§ **Task objective**
Write out exactly the lines from the one containing "Cube Farm (M349) - Analogous Color Palette" through the last line of the records below, including both.

§ **Input material**
—————
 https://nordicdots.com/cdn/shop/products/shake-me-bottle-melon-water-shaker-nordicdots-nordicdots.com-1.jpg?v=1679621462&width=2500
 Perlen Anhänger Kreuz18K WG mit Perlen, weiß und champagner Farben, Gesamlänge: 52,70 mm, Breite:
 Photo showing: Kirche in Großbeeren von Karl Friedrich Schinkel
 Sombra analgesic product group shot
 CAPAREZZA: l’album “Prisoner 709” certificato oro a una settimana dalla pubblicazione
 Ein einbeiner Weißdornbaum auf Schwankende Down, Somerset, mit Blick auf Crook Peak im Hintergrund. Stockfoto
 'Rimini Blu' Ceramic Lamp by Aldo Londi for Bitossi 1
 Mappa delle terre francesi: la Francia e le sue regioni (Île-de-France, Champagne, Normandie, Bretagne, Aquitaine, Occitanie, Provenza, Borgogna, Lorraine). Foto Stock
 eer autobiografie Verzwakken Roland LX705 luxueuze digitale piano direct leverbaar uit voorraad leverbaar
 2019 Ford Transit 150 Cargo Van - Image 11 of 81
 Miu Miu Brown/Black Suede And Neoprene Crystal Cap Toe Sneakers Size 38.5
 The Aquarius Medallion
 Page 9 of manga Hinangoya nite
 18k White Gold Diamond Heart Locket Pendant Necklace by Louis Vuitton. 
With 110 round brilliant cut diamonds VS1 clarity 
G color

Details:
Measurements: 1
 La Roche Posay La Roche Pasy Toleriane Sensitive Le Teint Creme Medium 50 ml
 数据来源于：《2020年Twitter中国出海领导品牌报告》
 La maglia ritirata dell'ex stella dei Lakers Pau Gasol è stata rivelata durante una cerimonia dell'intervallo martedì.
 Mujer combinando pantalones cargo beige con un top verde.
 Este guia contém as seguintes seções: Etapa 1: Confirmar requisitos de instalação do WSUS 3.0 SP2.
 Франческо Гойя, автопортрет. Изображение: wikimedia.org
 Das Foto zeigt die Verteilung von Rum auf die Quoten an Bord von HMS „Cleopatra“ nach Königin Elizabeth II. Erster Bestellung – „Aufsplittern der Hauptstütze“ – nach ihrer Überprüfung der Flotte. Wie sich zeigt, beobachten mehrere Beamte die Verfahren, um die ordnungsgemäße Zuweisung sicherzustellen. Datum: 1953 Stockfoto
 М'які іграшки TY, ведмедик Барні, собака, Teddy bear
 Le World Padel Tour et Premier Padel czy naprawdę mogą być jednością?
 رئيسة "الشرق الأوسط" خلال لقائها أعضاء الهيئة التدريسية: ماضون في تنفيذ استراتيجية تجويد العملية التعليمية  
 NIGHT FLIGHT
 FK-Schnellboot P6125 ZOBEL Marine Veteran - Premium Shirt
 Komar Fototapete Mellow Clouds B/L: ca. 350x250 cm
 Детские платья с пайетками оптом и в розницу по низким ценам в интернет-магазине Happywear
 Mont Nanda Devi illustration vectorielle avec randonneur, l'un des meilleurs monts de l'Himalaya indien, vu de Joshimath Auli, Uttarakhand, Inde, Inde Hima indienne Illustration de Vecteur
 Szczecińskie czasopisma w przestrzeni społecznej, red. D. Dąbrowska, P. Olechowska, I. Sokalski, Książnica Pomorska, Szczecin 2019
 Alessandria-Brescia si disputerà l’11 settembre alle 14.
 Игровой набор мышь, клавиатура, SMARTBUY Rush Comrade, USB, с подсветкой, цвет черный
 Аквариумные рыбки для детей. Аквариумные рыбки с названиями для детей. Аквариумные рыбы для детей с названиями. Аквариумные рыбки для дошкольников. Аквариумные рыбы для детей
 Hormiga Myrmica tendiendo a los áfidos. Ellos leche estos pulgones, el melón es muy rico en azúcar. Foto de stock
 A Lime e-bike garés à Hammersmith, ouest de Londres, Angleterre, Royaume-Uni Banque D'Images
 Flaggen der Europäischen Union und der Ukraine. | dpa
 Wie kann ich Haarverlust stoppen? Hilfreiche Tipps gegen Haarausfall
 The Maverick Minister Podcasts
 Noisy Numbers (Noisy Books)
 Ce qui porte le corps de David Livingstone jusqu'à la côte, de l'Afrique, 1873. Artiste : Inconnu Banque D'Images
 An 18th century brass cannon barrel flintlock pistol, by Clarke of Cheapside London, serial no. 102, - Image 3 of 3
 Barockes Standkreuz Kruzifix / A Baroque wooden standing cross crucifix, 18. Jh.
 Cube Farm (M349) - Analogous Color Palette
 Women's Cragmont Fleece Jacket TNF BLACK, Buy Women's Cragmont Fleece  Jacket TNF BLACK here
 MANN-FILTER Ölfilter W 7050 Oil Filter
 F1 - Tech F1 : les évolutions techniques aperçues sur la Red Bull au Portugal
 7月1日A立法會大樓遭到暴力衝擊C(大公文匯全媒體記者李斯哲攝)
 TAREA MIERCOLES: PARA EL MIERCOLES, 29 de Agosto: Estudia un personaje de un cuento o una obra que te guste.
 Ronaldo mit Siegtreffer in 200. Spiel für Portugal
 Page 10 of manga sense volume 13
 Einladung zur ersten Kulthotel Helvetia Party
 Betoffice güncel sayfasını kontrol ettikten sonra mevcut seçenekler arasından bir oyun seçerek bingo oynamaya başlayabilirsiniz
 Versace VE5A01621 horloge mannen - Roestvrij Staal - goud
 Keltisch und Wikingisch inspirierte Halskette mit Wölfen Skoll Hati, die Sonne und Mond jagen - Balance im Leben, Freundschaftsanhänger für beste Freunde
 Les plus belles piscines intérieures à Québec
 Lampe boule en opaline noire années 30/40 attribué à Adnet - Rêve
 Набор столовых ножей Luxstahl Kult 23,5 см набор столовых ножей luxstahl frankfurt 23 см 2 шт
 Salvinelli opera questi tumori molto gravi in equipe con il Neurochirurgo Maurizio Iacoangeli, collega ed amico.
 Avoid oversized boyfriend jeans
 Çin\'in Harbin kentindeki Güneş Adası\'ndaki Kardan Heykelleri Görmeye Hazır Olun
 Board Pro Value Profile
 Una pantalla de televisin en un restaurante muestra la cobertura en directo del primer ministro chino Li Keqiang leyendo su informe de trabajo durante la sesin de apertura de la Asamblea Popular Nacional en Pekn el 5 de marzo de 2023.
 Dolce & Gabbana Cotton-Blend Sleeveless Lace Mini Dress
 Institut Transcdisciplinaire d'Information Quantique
—————
§ **Answer section**
 Cube Farm (M349) - Analogous Color Palette
 Women's Cragmont Fleece Jacket TNF BLACK, Buy Women's Cragmont Fleece  Jacket TNF BLACK here
 MANN-FILTER Ölfilter W 7050 Oil Filter
 F1 - Tech F1 : les évolutions techniques aperçues sur la Red Bull au Portugal
 7月1日A立法會大樓遭到暴力衝擊C(大公文匯全媒體記者李斯哲攝)
 TAREA MIERCOLES: PARA EL MIERCOLES, 29 de Agosto: Estudia un personaje de un cuento o una obra que te guste.
 Ronaldo mit Siegtreffer in 200. Spiel für Portugal
 Page 10 of manga sense volume 13
 Einladung zur ersten Kulthotel Helvetia Party
 Betoffice güncel sayfasını kontrol ettikten sonra mevcut seçenekler arasından bir oyun seçerek bingo oynamaya başlayabilirsiniz
 Versace VE5A01621 horloge mannen - Roestvrij Staal - goud
 Keltisch und Wikingisch inspirierte Halskette mit Wölfen Skoll Hati, die Sonne und Mond jagen - Balance im Leben, Freundschaftsanhänger für beste Freunde
 Les plus belles piscines intérieures à Québec
 Lampe boule en opaline noire années 30/40 attribué à Adnet - Rêve
 Набор столовых ножей Luxstahl Kult 23,5 см набор столовых ножей luxstahl frankfurt 23 см 2 шт
 Salvinelli opera questi tumori molto gravi in equipe con il Neurochirurgo Maurizio Iacoangeli, collega ed amico.
 Avoid oversized boyfriend jeans
 Çin\'in Harbin kentindeki Güneş Adası\'ndaki Kardan Heykelleri Görmeye Hazır Olun
 Board Pro Value Profile
 Una pantalla de televisin en un restaurante muestra la cobertura en directo del primer ministro chino Li Keqiang leyendo su informe de trabajo durante la sesin de apertura de la Asamblea Popular Nacional en Pekn el 5 de marzo de 2023.
 Dolce & Gabbana Cotton-Blend Sleeveless Lace Mini Dress
 Institut Transcdisciplinaire d'Information Quantique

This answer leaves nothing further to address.